Thursday, July 30, 2009

Food in the Early Western Christian Monastic Tradition

When we strip our needs down to the barest minimum, there are only two things necessary for life: oxygenated air and food. Unless you dove below the ocean or flew above the troposphere five to ten miles above the earth's surface, oxygen is abundant and free. Food is ultimately what human beings labor for, according to Jewish scriptures, as price for their disobedience. Everything else is extra.

No wonder then that food is at the heart of most if not all religious traditions. St. Benedict in his famous Rule that most Western Christian monastics follow devoted several chapters to food and how the monks took it. Chapter 39 deals with the apportionment of food, chapter 40 with drink. The saint recommended two cooked dishes at each meal so monks had a choice. There were two meals a day, at the sixth hour (noon) and the ninth hour (three in the afternoon). Each monk was allotted a pound of bread a day regardless of whether the monks have one or two meals. This was long before Dr. Robert Atkins. Recognizing that individuals had differing needs for the amount of food, St. Benedict did not specify amounts for the rest of the meal. In the summer, when vegetables and fruits are available he recommended a third dish of these fresh produce. In earlier times, monks grew their own vegetables and fruits. He also made allowances for the elderly, the sick, and those who worked harder than usual that day. The flesh of "four-footed" animals was reserved only for the sick.

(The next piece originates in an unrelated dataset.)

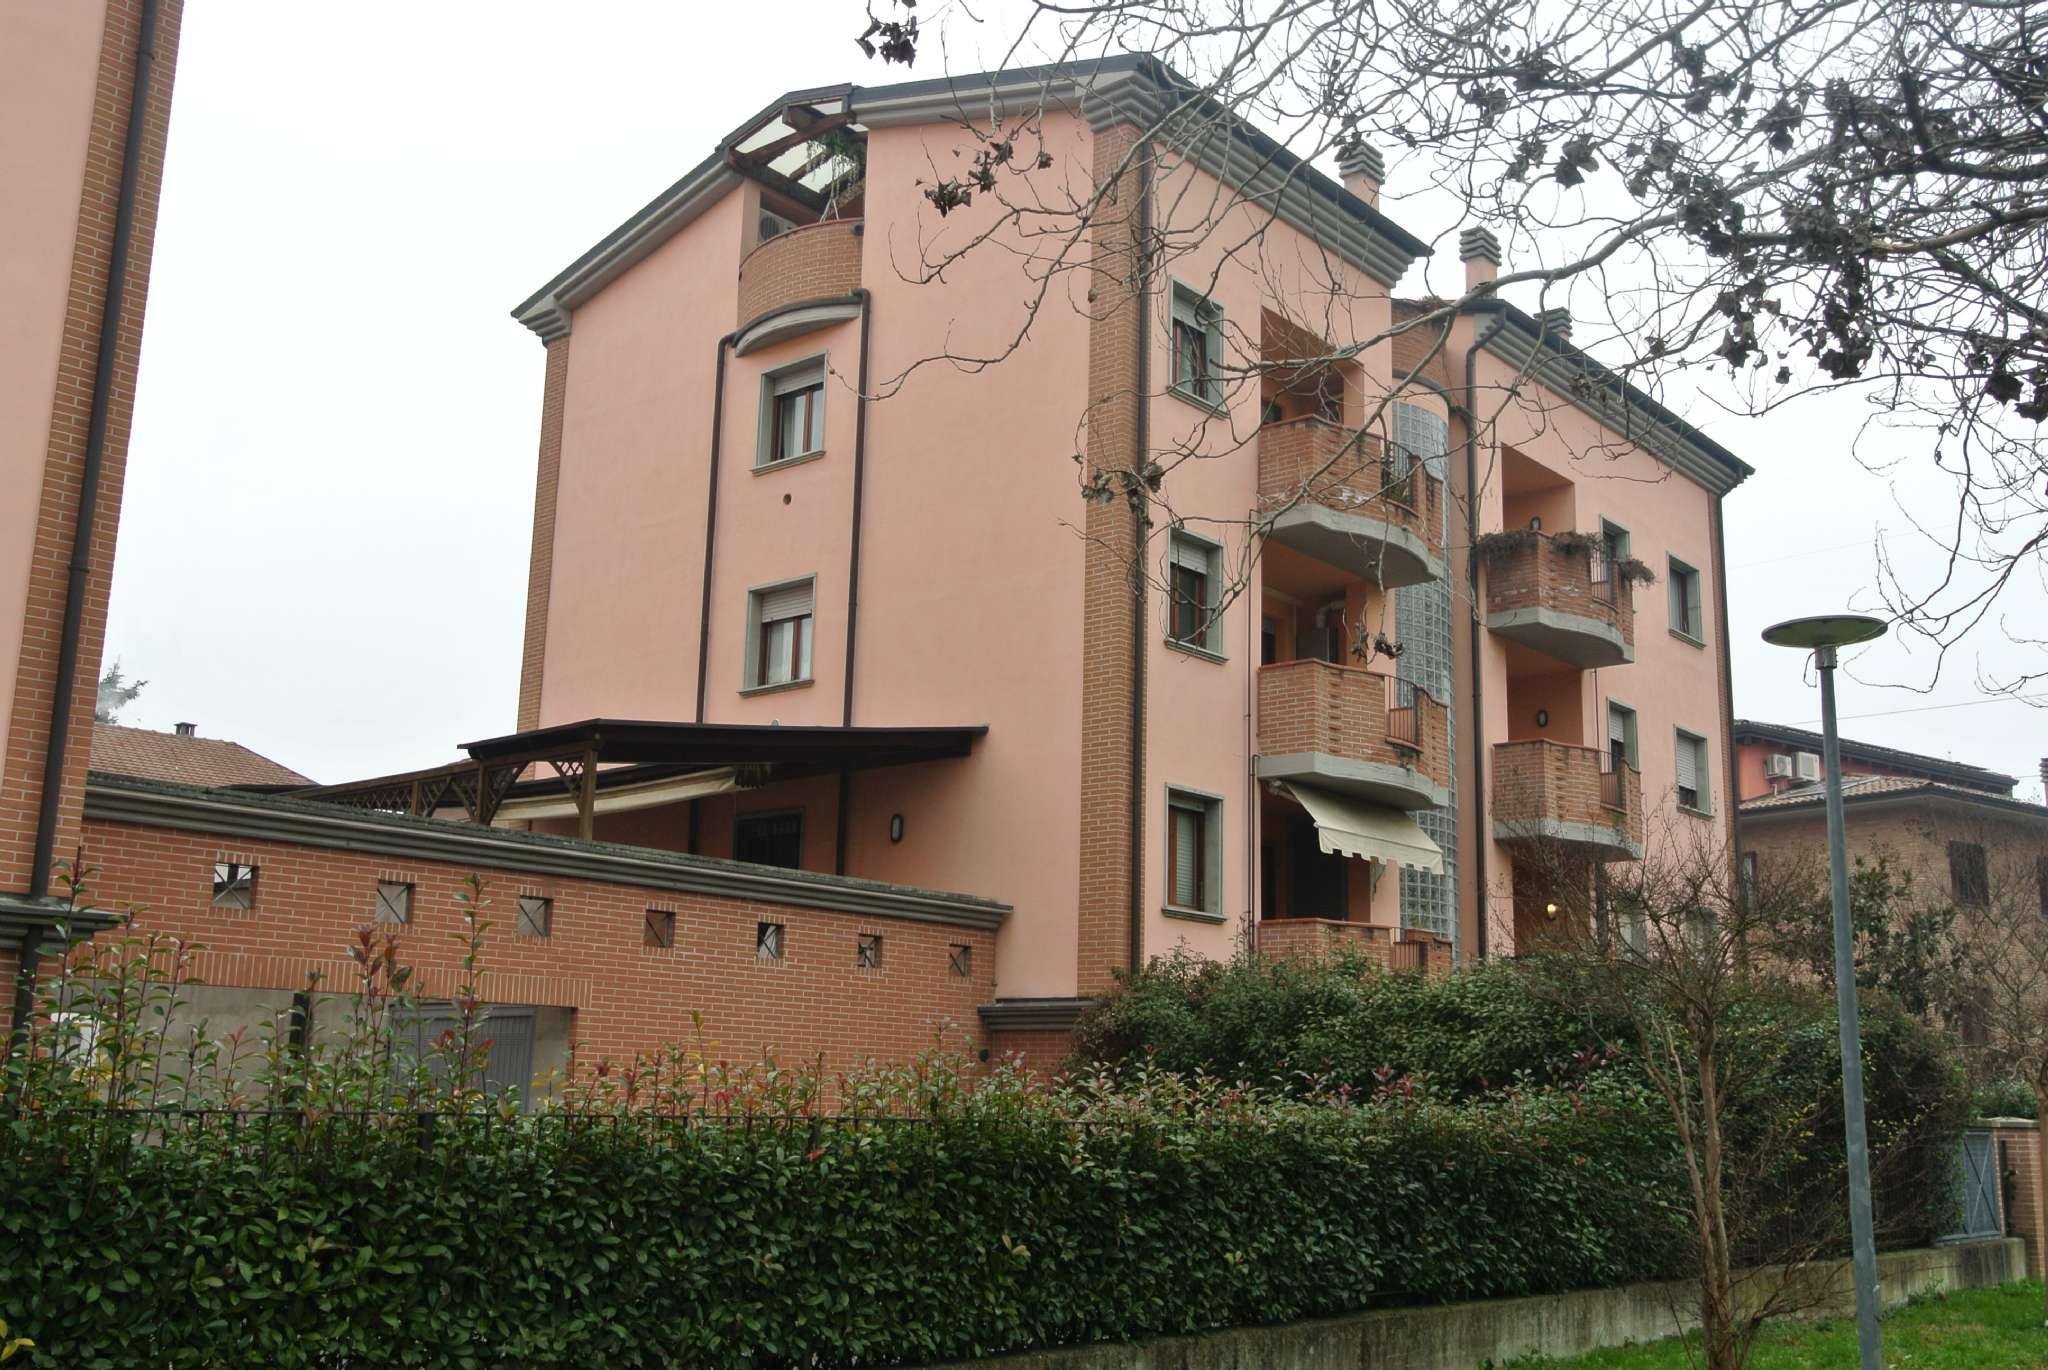 Vendita Tende Da Sole Parma quadrilocale in vendita a parma, case in vendita parma

The saint wrote his Rule at a time when it was safer to drink wine than to drink water. He would probably have prohibited wine but decided his monks would not accept this so he suggested wine intake be limited to 1/4 liter or 8 ounces a day, again with allowances at the abbot's discretion for the sick and those who performed unusually demanding physical labor that day. Vespers were scheduled to allow for meals to be finished in daylight. All monks took turns at kitchen duty and waiting on each other.

At Lent, monks were enjoined to observe the 40 days by depriving themselves of usual comforts or adding special activities like more prayers or fasting. The monks submit their intended observance to the abbot who approves or modifies the list based on his knowledge of the monk to avoid "presumption and vainglory." In his concise Rule, St. Benedict shows prescience and common sense, regulating only what needs regulating, and he recognized the importance of food as well as abstinence from food.

What we know about St. Benedict is largely from his biography written by Gregory the Great who before he became pope himself followed the Rule as a monk. Gregory praised the Rule for its "discretion and clarity of language." I think we could all learn from this sixth century saint and teacher of men (and, later, women) that our lives in the 21st century become once more moderate and healthy.

Monday, July 27, 2009

An Uncommon Commodity

"Fasting had made me more alert and more appreciative of the richness around me. I began to comprehend the sense of life anew, more intensely. This sense is an increasingly rare commodity nowadays, because the sense of the Holy, of things that are completely different, of the profoundly secret, has gradually become lost."
Bernhard Müller, Fasting in the Monastery

The early Christians fled to the desert where they confronted themselves. They called demons those features of the mind that even today, maybe more so today, tempt us to immoderation and thoughtlessness. Distinguishing themselves from other Jews, they set aside Tuesdays and Fridays as fast days (Jews fasted on Mondays and Thursdays) to remind them of the passion of their rabbi, Yeshua (Iesous in Greek, pronounced YAY-sus), that began on Good Friday.

When we're fasting, the mind becomes clear as if a giant vacuum cleaner had sucked every detail from the sky—clouds, vestigial moon, flying geese—to leave it an empty blue hemisphere above. When we do see ourselves in this dwarfing landscape, we're as ants, insignificant specks on the vastness of timeless space.

In this vast panorama, we are not the center or point of reference. We see how puny our desires are, how utterly silly our pretensions to power and importance.

No longer the center of being, everything becomes transmogrified, luminous and fresh. We're back in the garden before we took things into our own hands and lost the primal vision. In the garden, every thing is new, pure and essential. There is nothing here extraneous or unnecessary, and every thing is good.

We need to regain this vision of Paradise. All too often we are lost in our own world of thoughts and images, in the project-management attitude we learn early in life. Purpose is great. It pools our resources and directs these towards creation. After a while we forget the true nature of creation. We begin to believe we make things happen, all by ourselves, by our own resources and strength. We forget the deep roots that connect us to worlds of being so vast and empty they boggle the mind. We lose this sense of bogglement. Instead we become comfortable seeing the world from our tiny speck of a reference. Fasting restores us to the whole shebang.

And in the whole shebang, everything we see is replete with light. We can even see death and life, not as tragic events we seek to ignore but as natural punctuation marks in a timeless, endless statement that being is. Each time, our sense of ownership loosens somewhat. We see as gods do, the whole panoply of human sadness and joys laid below us like a model train loop, or the valley below when we reach the summit of high mountains.